Using all three of these prints together, it is easy to rebuild the structure of the tree on paper.

Deleting Values

Deleting a value from the tree is the most complicated operation. We need to keep all the properties of the BST, but we also want to minimize our changes. This requires a more complex algorithm.

Removing Values

The easiest node to remove is a leaf. It has no children. We just need to update the parent to know the child has been removed.

Delete a Leaf

It is also easy to delete a node with only one child. We just update the parent to point directly to the child.

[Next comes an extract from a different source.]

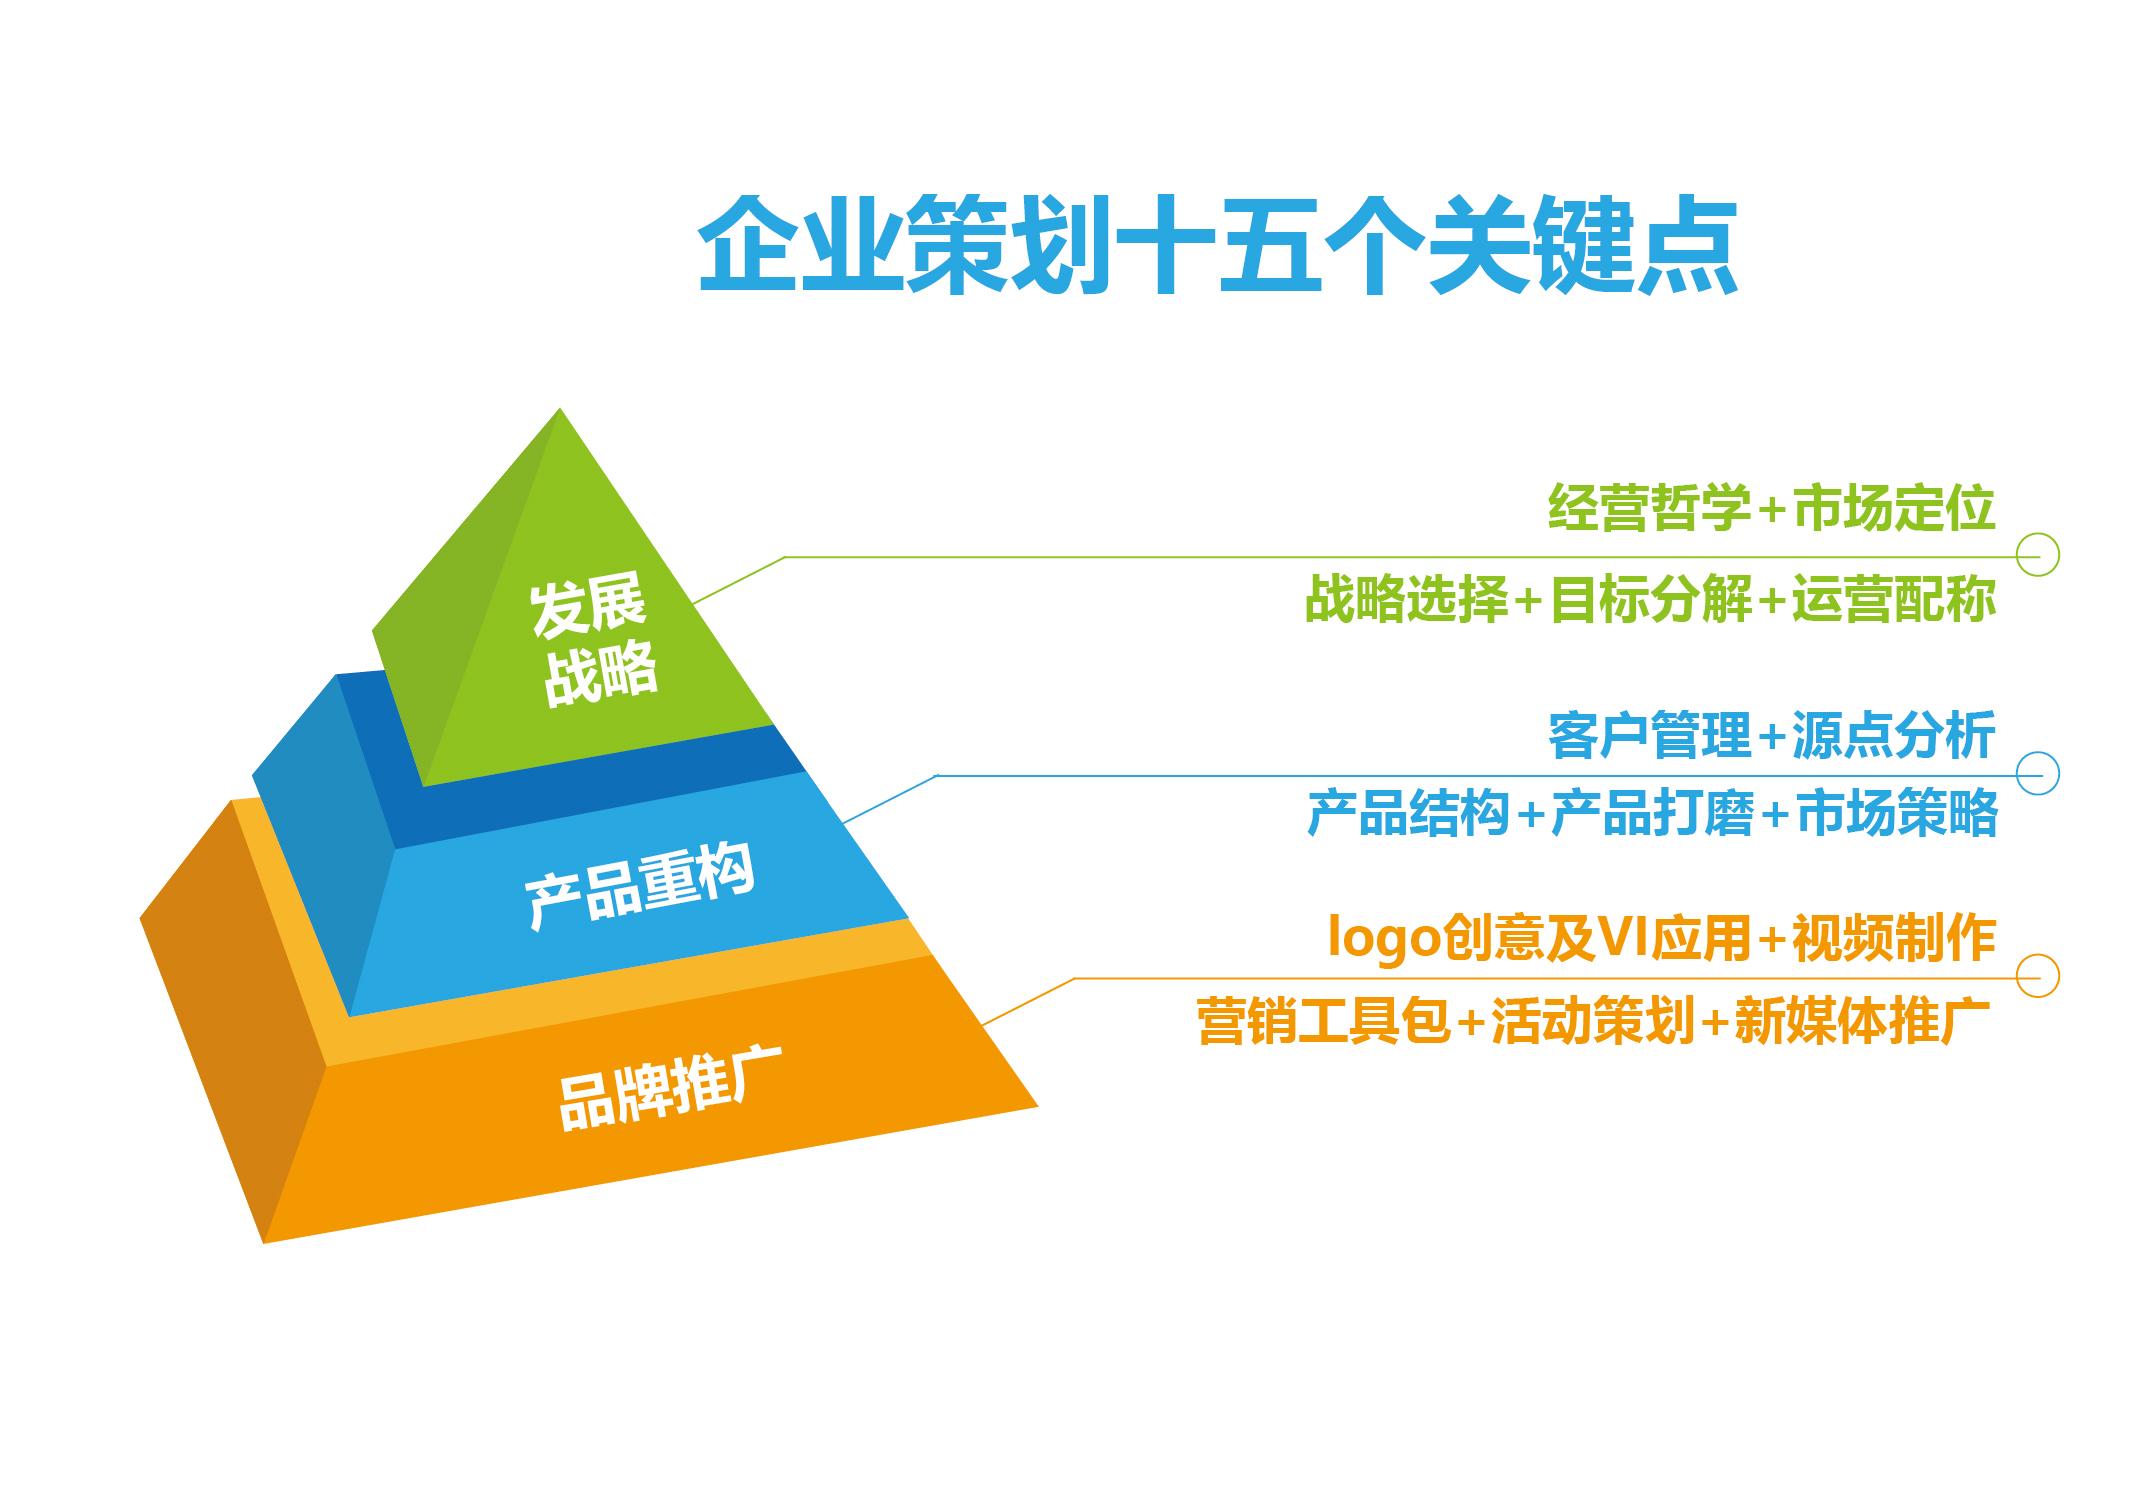 企业策划的三步节奏及十五个关键点

The node in the middle is gone.

Delete Node With One Child

The challenge comes when we want to delete a node with two children. We need to keep the tree properties. We want to delete 6 from the following tree. Is has many children. This is the worst case situation.

Preparing to Delete Root

We already know leaves are trivial to delete. Could we swap 6 into a leaf? That would make it easier to delete. If we swap it with 2, the tree doesn’t get any easier to work with. The same thing happens with 8. We can’t swap with an internal node. It won’t make the problem any easier.

Root cannot be swapped with internal nodes.

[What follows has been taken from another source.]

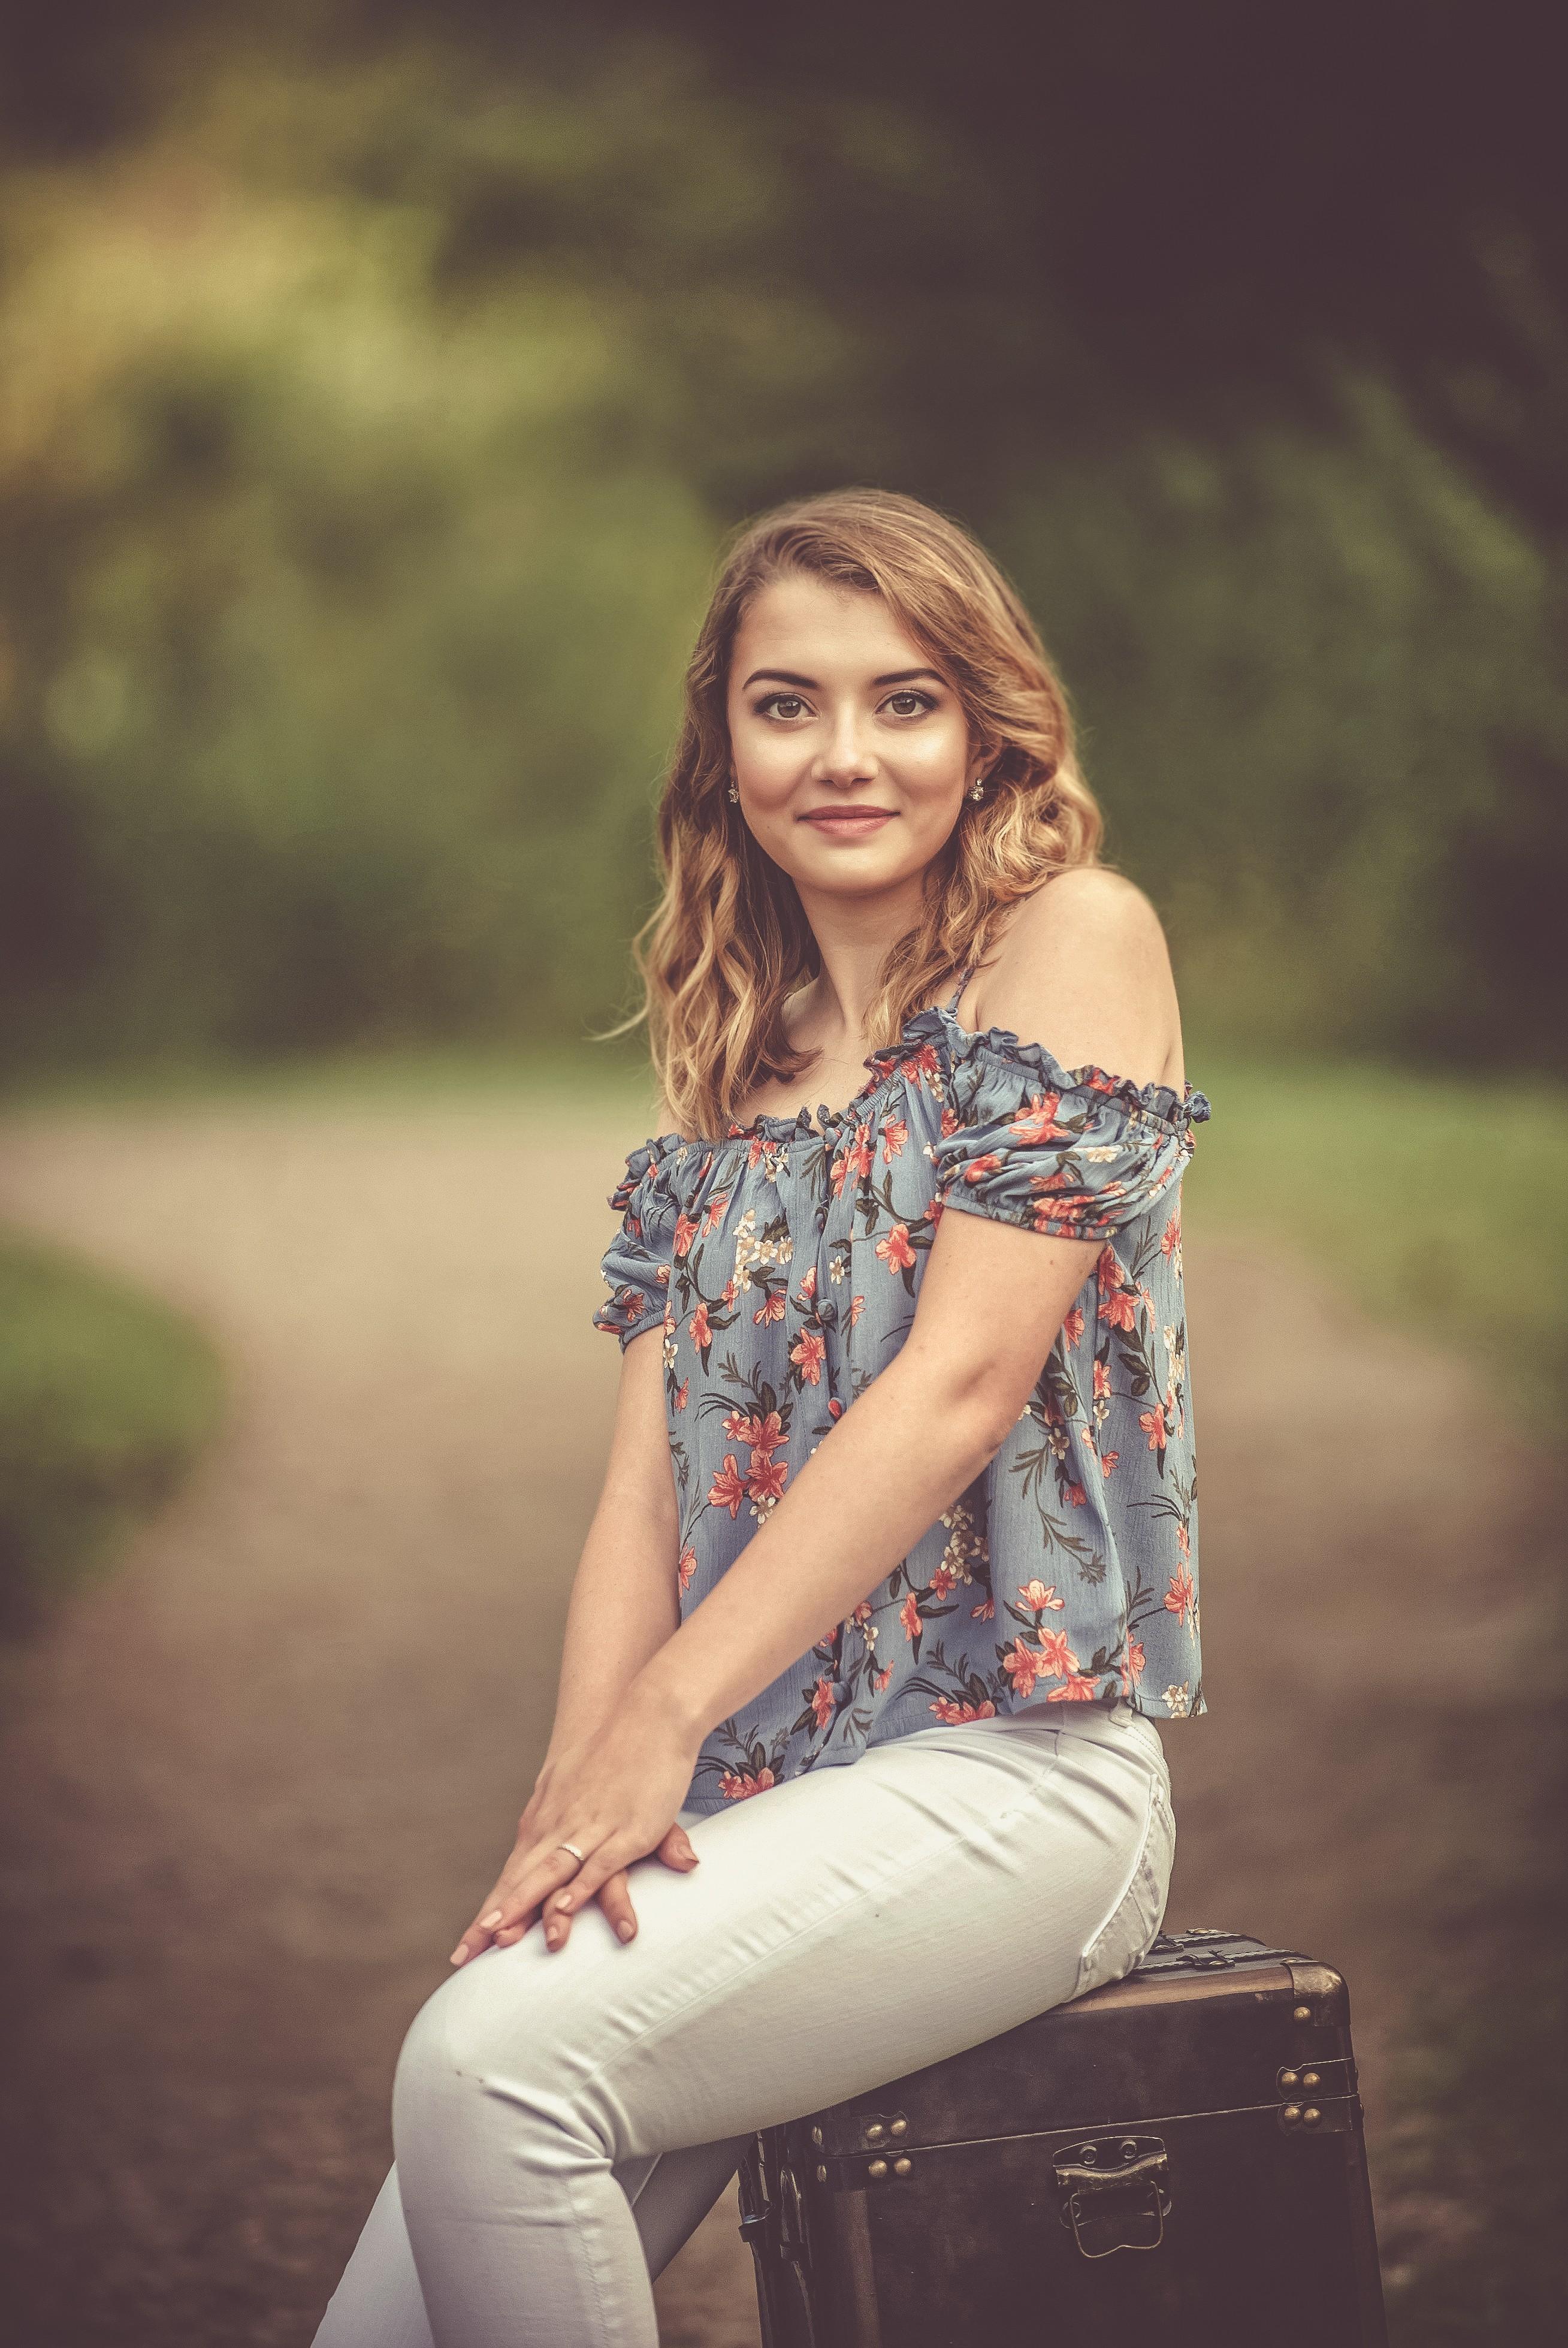 Photograph of Sophia Rores

We could swap with values 1 or 9. They would make it easy to delete 6. They introduce a different problem. They break other nodes in the tree. These swaps will cause even more work for us. We will need to fix the tree.

Swapping with some nodes breaks the tree.

There are two values that can be swapped with the root. The maximum of the left side and the minimum of the right side.

Swapping with the value 3 keeps everything else in the tree correct. It also makes 6 a leaf. We can easily delete 6 after this swap.

Swapping with Max of Left

The same thing happens if we swap with 7. The tree structure holds.

Swapping with Min of Right

We can use either of these, but we need to be consistent. When we delete an node with two children, we swap it to a easier position. We will use the minimum of the right side.

Deleting the Root

The minimum of the right side must be an easy to delete value and also a root replacement. Since it is the minimum it has either 0 or 1 child. These are both easy to delete. It cannot have two children and also be the minimum. It’s left child would be smaller.

The minimum of the right side is larger than everything on the left side and also smaller than everything on the right side except the root. Since the root is being deleted, this node will fit in the root position without breaking the tree properties.

Finding the Min

The minimum value is a binary search tree is reasonably easy to find. If there is a smaller value, it is always to the left. We move left until we run out of left children. The node we end on must be the minimum. There is nothing smaller than it.

The minimum of the entire tree starts searching at the root.

//Min determines the minimum value in the tree
Function Min(BST* Tree)
    Return findMin(Tree's root)
End Function

We can find the minimum of any node by searching recursively starting at that node. We just go left until we run out of left children.

//findMin finds the min starting at any node
Function findMin(Node* currentNode)
    //Return -1 for error
    If currentNode is null then
        Return -1
    End If
    //If no left child then at min
    If currentNode's left == nil then
        Return currentNode's value
    End If
    //Otherwise keep searching
    Return findMin(currentNode's left)
End Function

Delete Implementation

At the top level, we delete a value from the root of the tree.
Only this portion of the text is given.